DIRECTIONS: Can you transcribe the data exactly? Leave the pictures out.

[COLLECTED DATA]

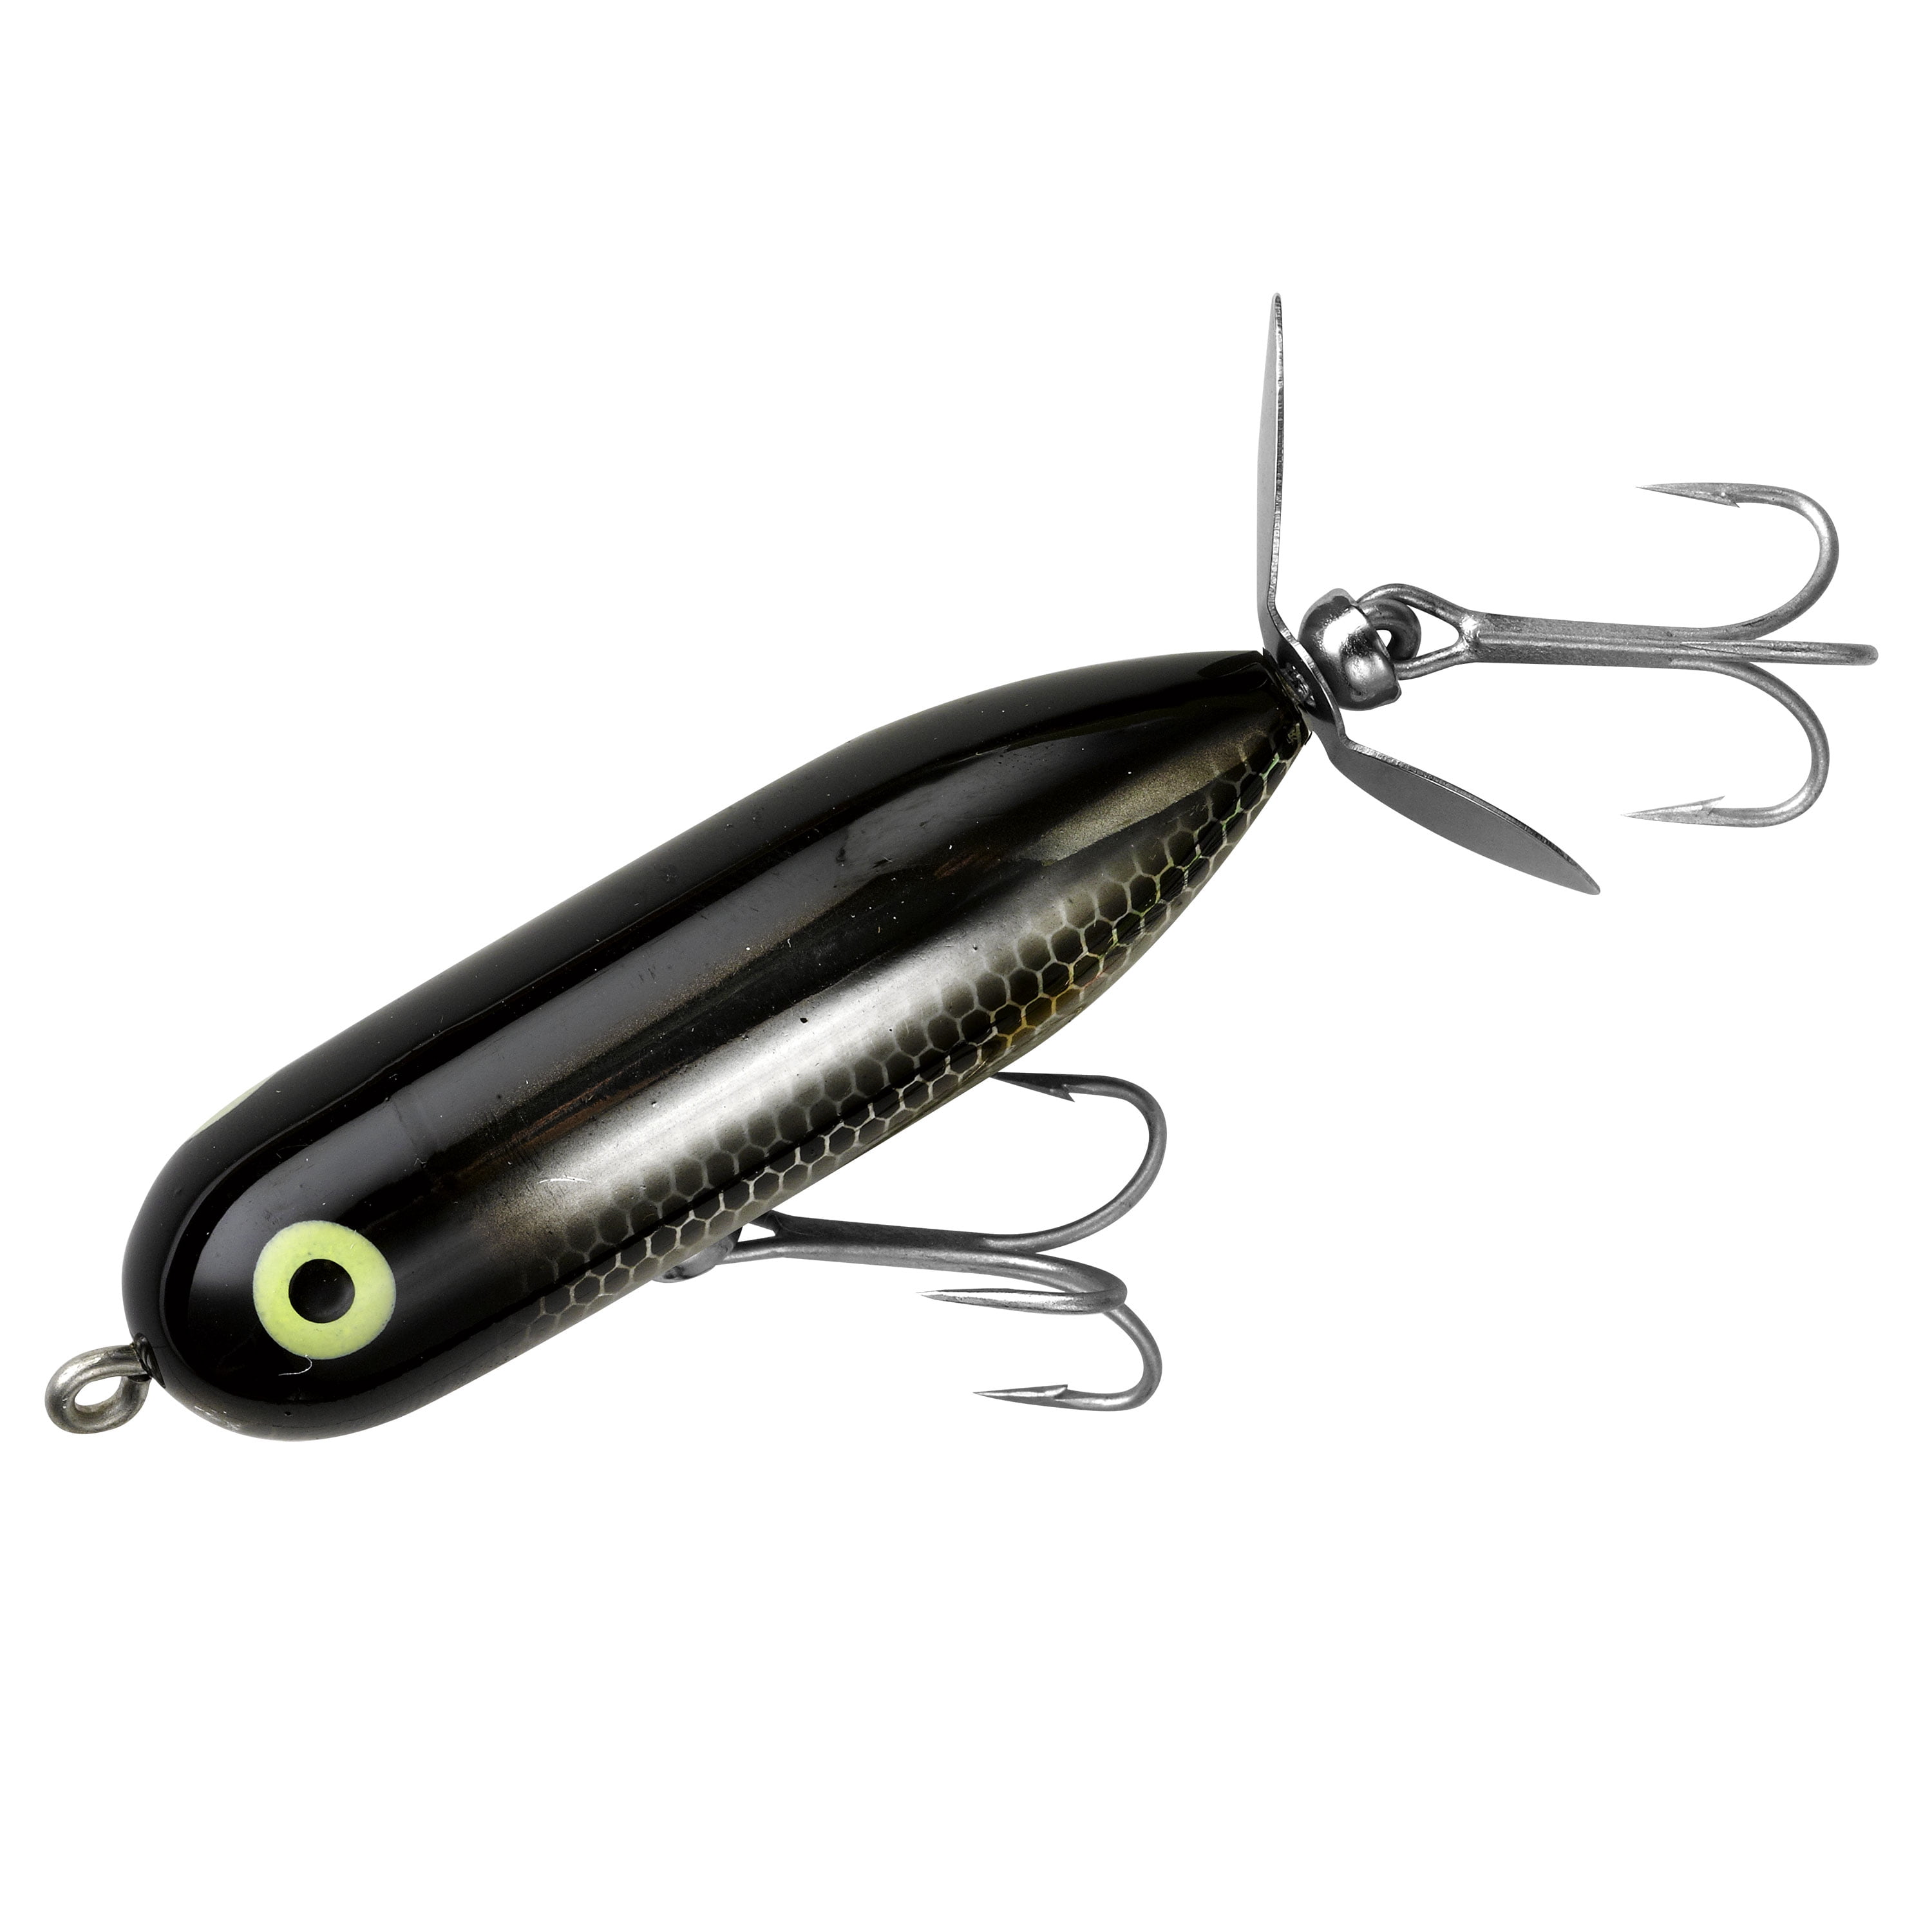 The top two lures are Heddon Tiny Torpedoes. The third lure is a
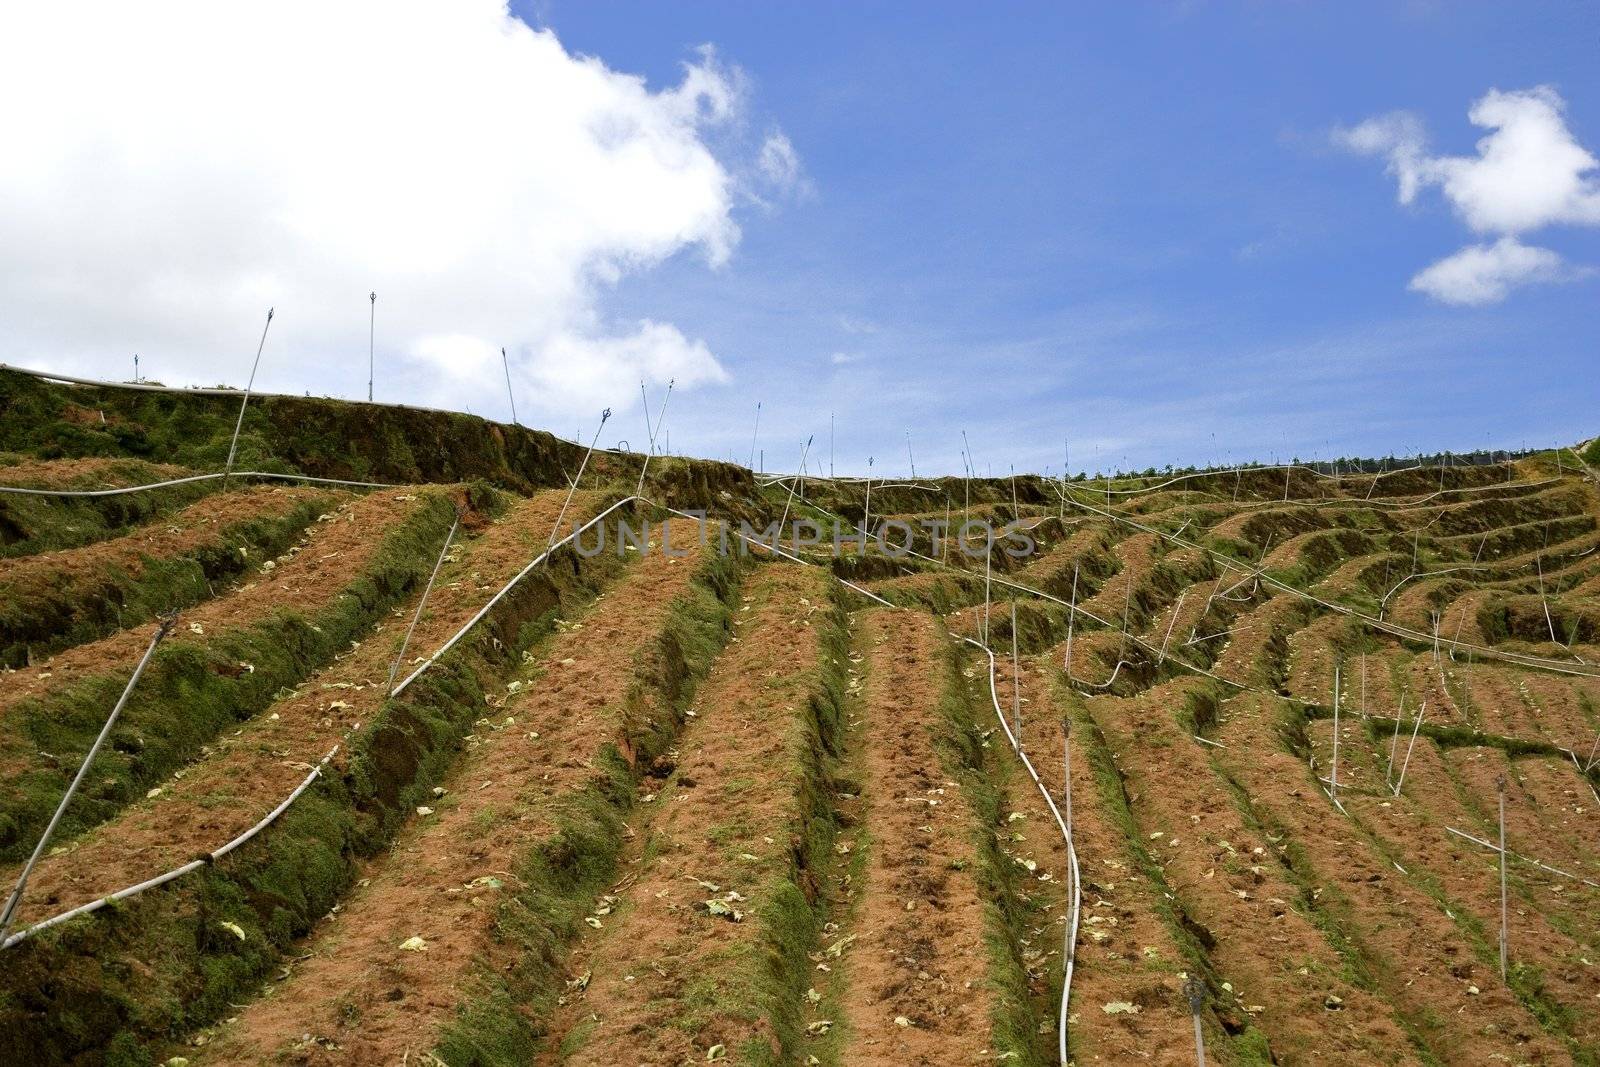 Landscape of a highland vegetable farm terrace at Cameron Highlands, Malaysia. This terrace is now barren after harvesting of vegetables.
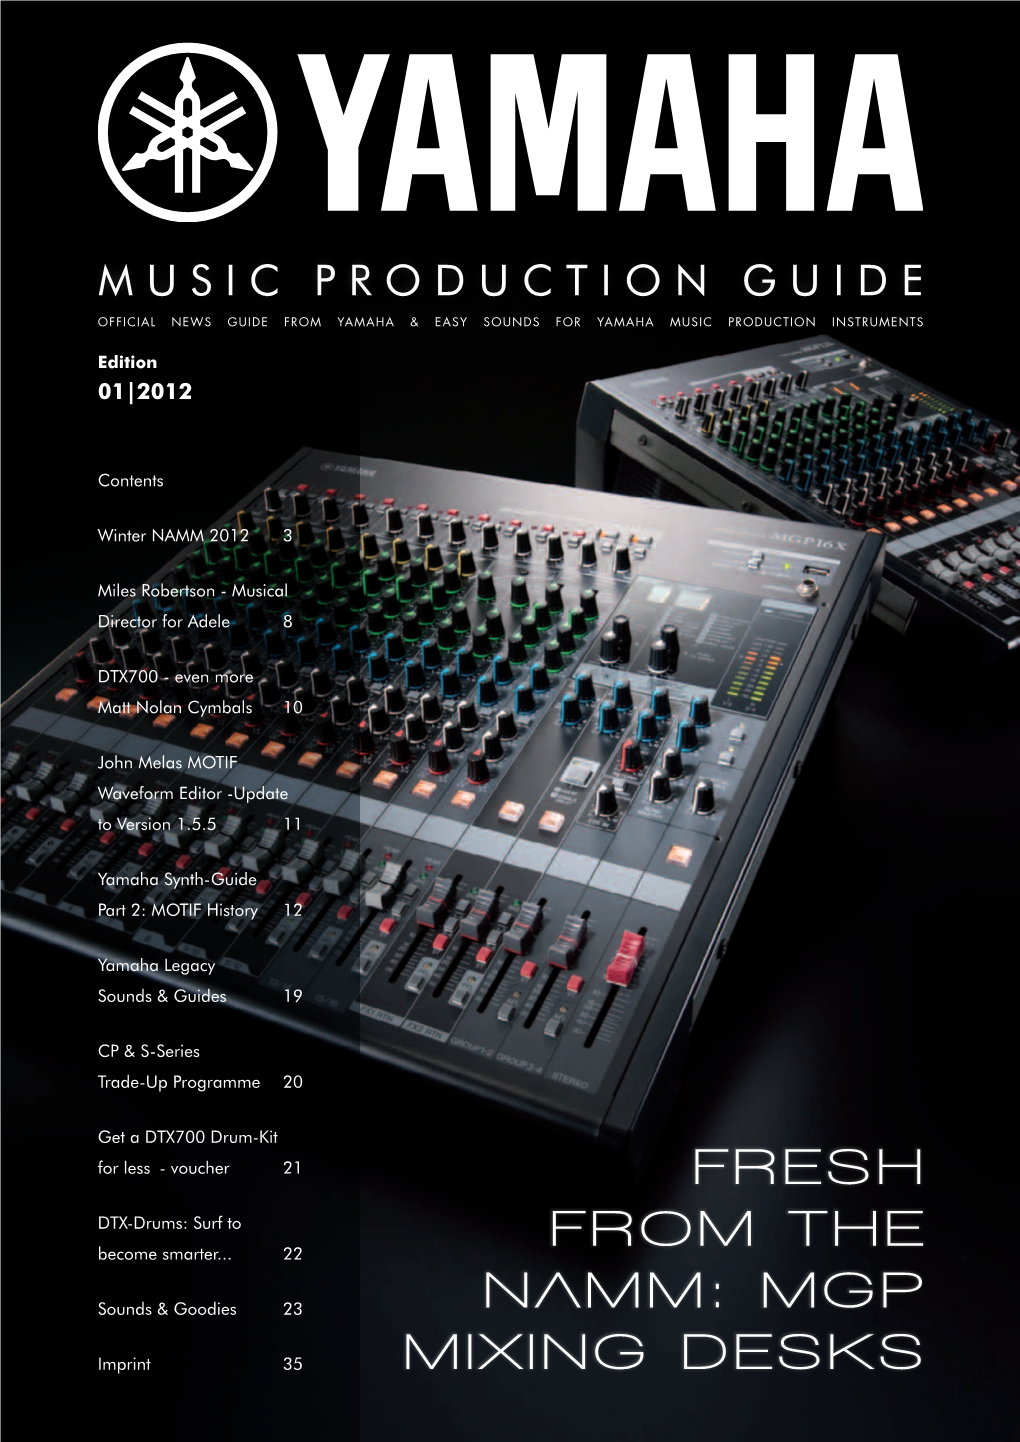 Musicproductionguide
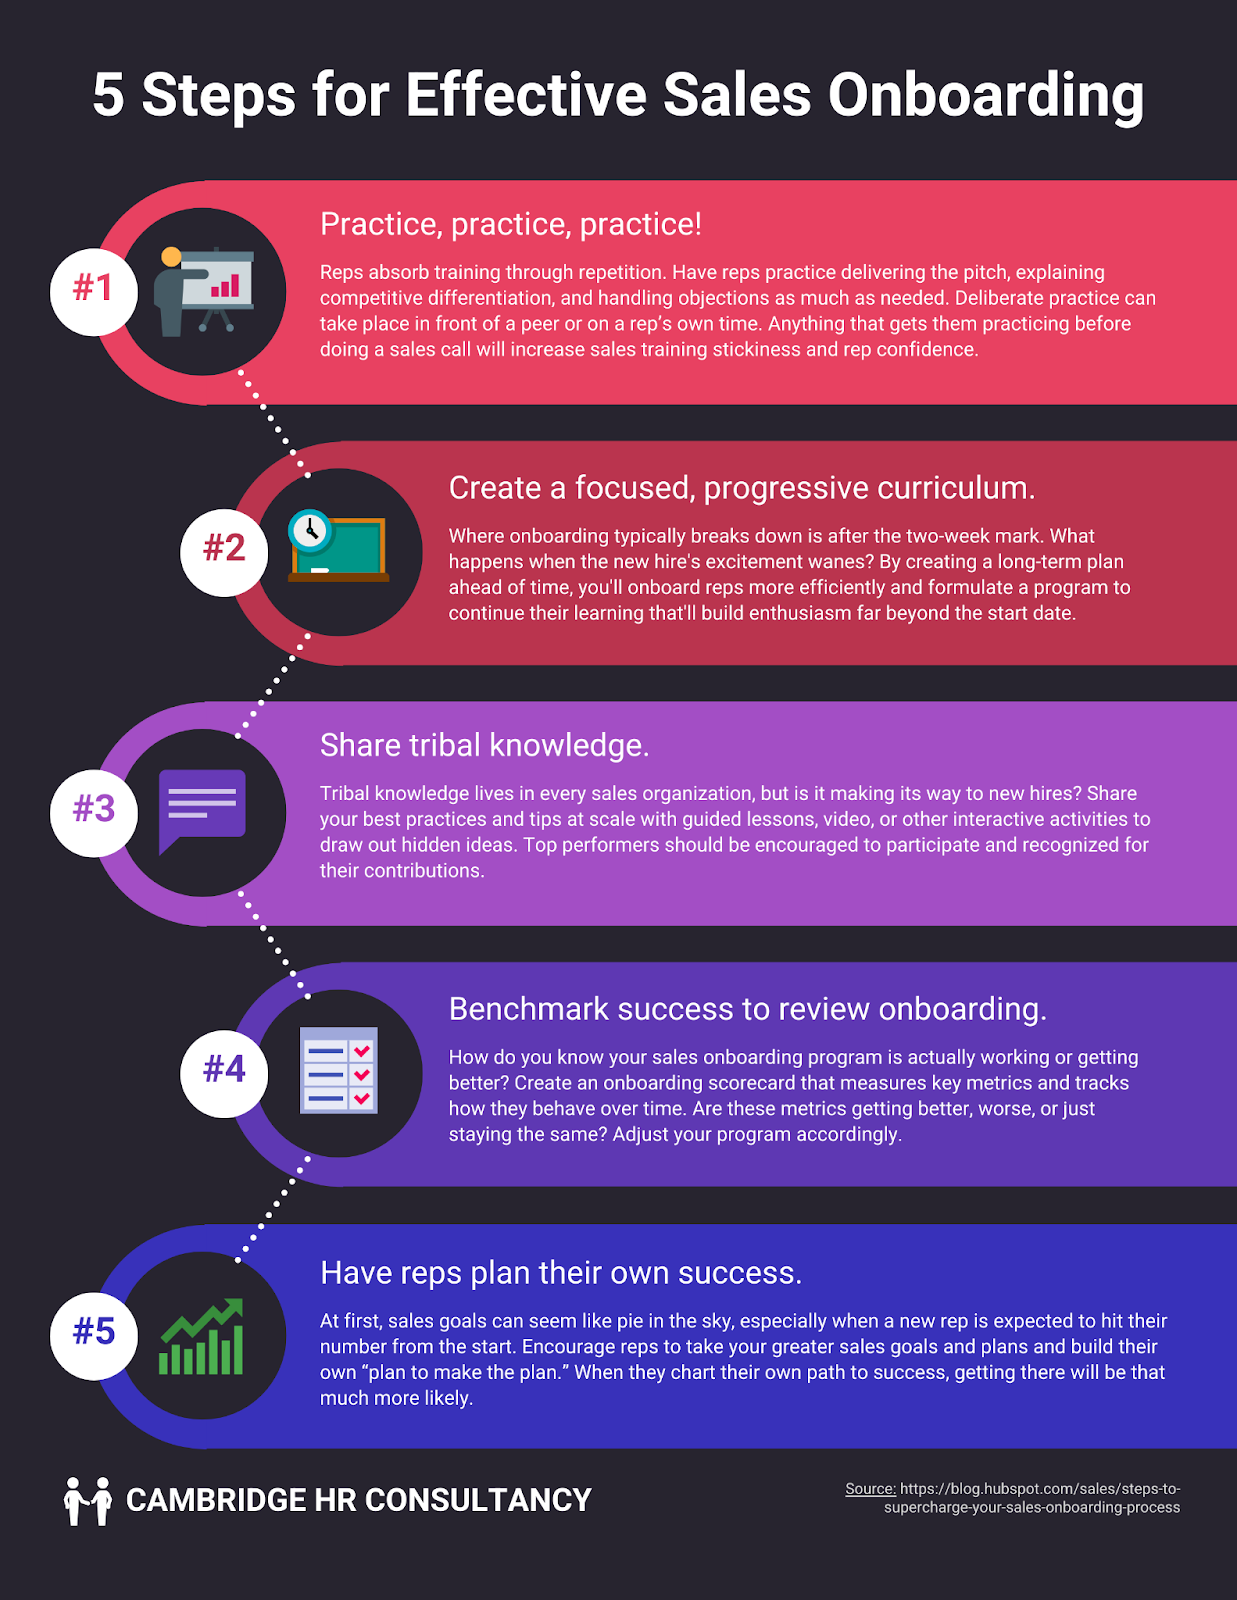 5 Steps for Sales Onboarding Process Infographic

[/COLLECTED DATA]

TASK OUTPUT:
 The top two lures are Heddon Tiny Torpedoes. The third lure is a
 Landscape of a highland vegetable farm terrace at Cameron Highlands, Malaysia. This terrace is now barren after harvesting of vegetables.
 Musicproductionguide
 5 Steps for Sales Onboarding Process Infographic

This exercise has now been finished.